[3dem] Relion Benchmarks for NVIDIA RTX 2080

Takanori Nakane tnakane at mrc-lmb.cam.ac.uk
Thu Mar 21 04:57:03 PDT 2019


Hi,

Note that our ribosome Class3D benchmark is relatively CPU-heavy.
The M-step is not GPU accelerated and can use
only one thread per volume (i.e. half map or class).
This means that single thread performance is important.
In contrast, the E-step is GPU accelerated.
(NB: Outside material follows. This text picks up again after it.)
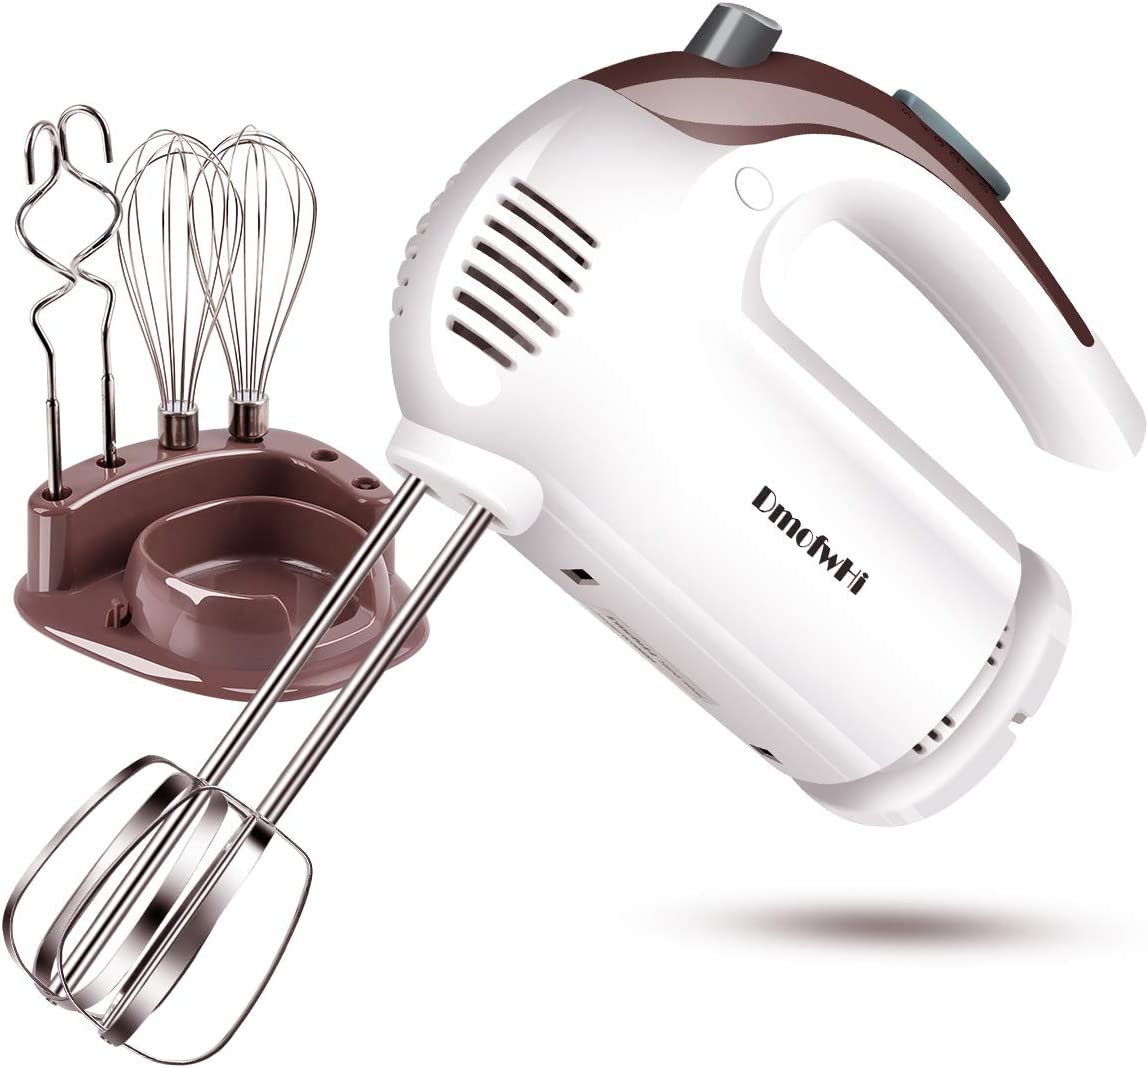  2. DmofwHi 5 Speed Hand Mixer Electric, 300W Ultra Power Kitchen Hand Mixers 
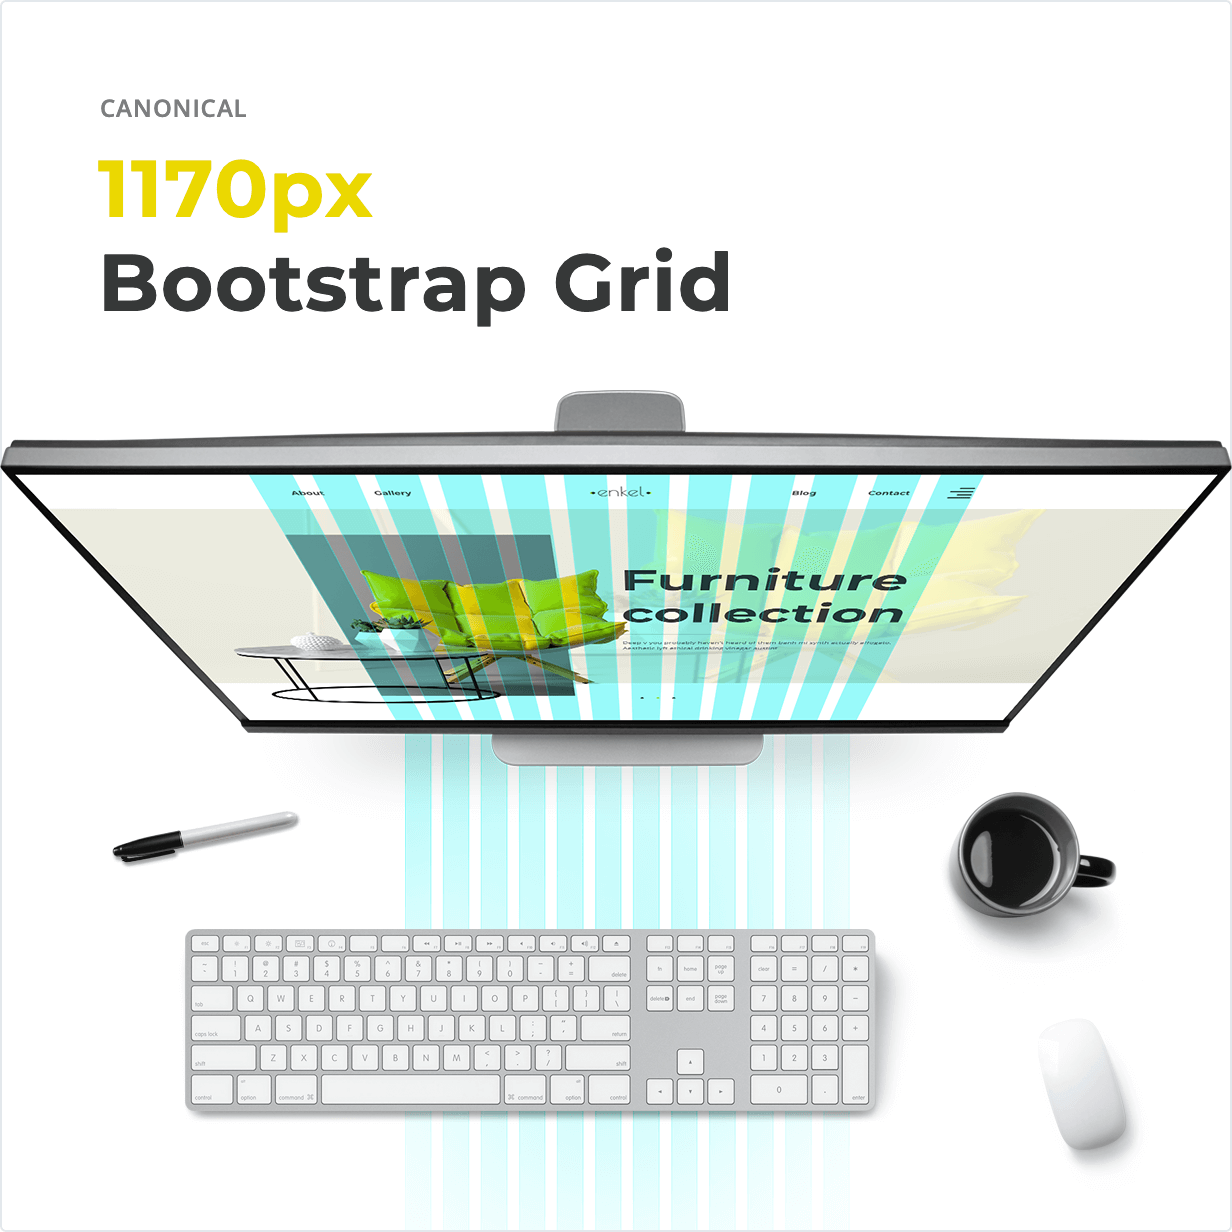 1170px Bootstrap Grid

Some calculations
in the E-step also depend on CPU (e.g. calculation of CTF),
but they can use multiple threads.

The relative fractions of the E step and the M step are different
depending on many factors, such as the number of particles, the box size,
the job type (Refine3D, Class3D, Class2D).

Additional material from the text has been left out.